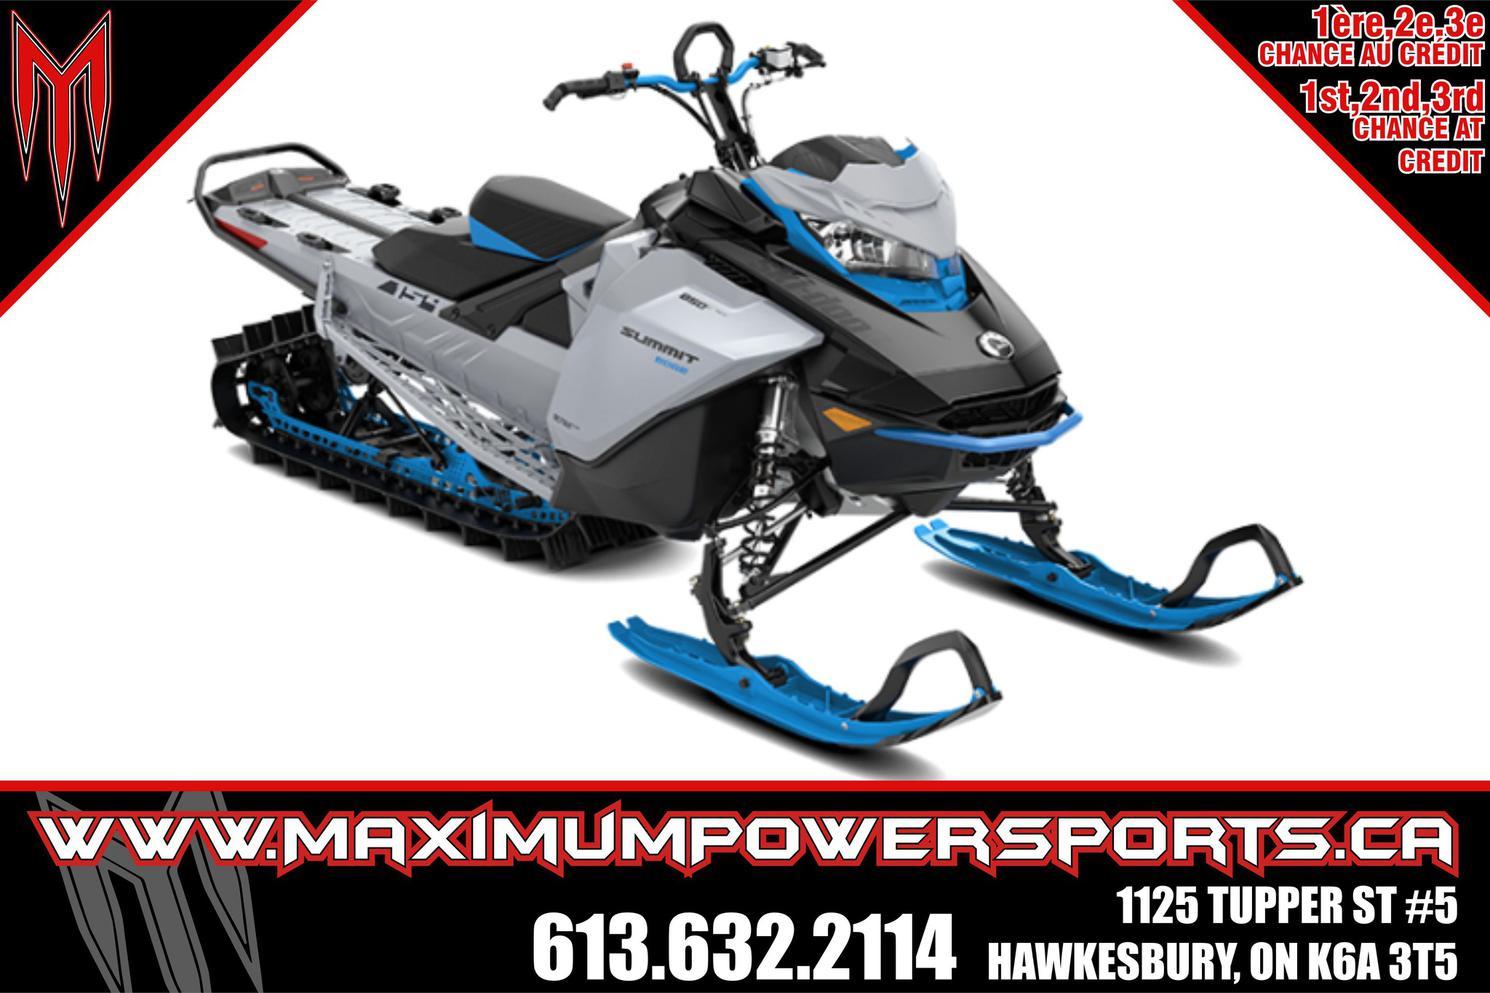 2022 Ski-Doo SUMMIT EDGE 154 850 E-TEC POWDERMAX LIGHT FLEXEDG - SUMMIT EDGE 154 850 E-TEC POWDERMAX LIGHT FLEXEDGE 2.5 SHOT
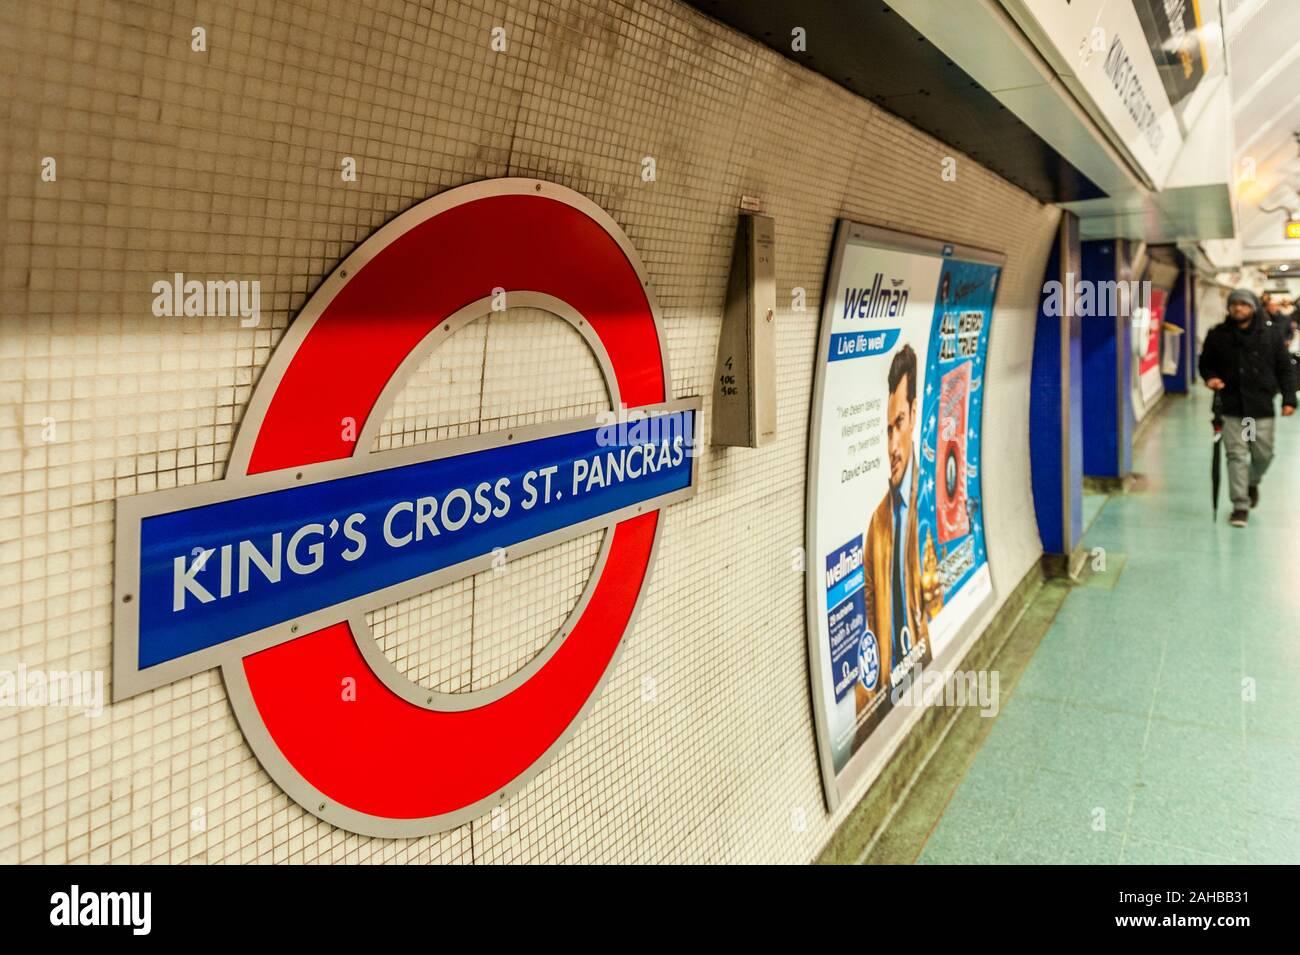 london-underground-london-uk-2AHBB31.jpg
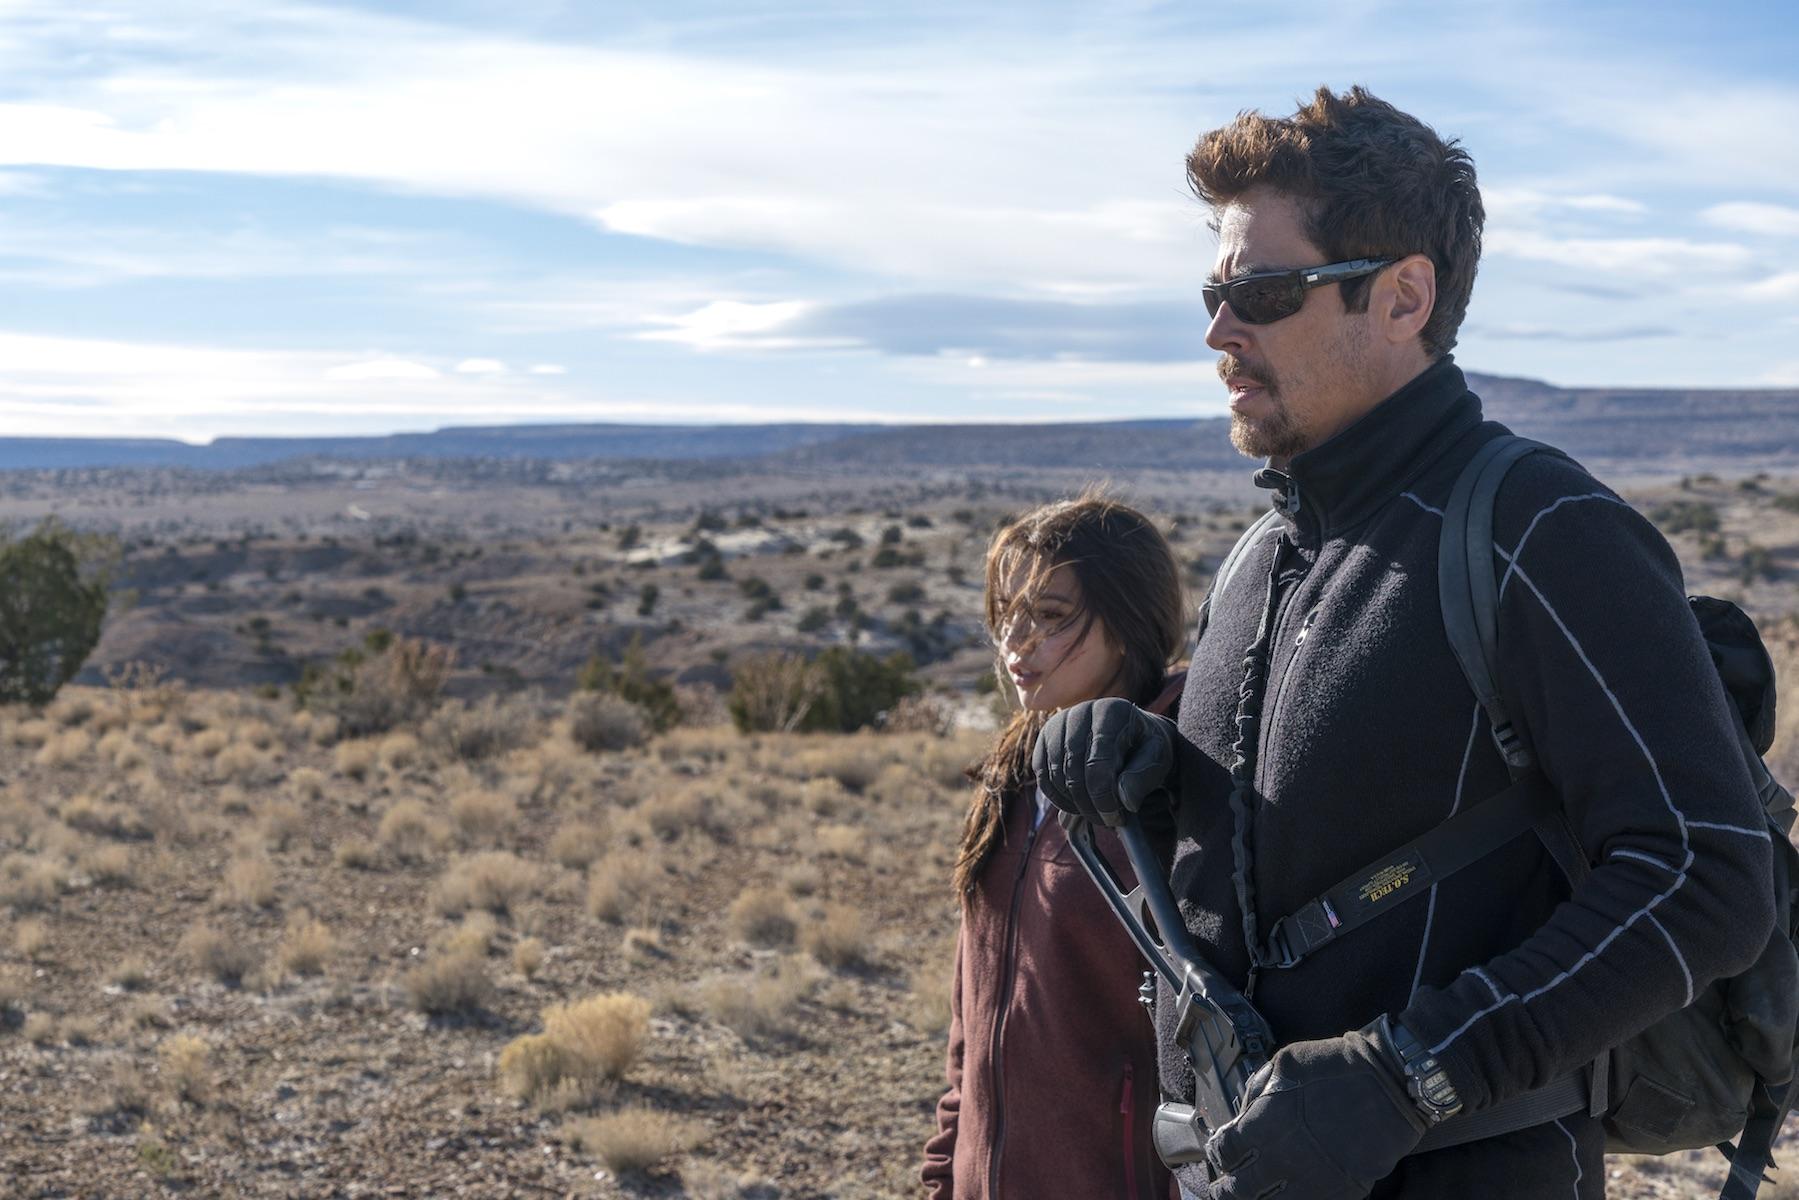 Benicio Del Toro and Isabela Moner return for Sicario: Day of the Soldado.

= = =

● Work item: No pictures belong in the copy. Repeat the listing above exactly.

● Result below:
 2022 Ski-Doo SUMMIT EDGE 154 850 E-TEC POWDERMAX LIGHT FLEXEDG - SUMMIT EDGE 154 850 E-TEC POWDERMAX LIGHT FLEXEDGE 2.5 SHOT
 london-underground-london-uk-2AHBB31.jpg
 Benicio Del Toro and Isabela Moner return for Sicario: Day of the Soldado.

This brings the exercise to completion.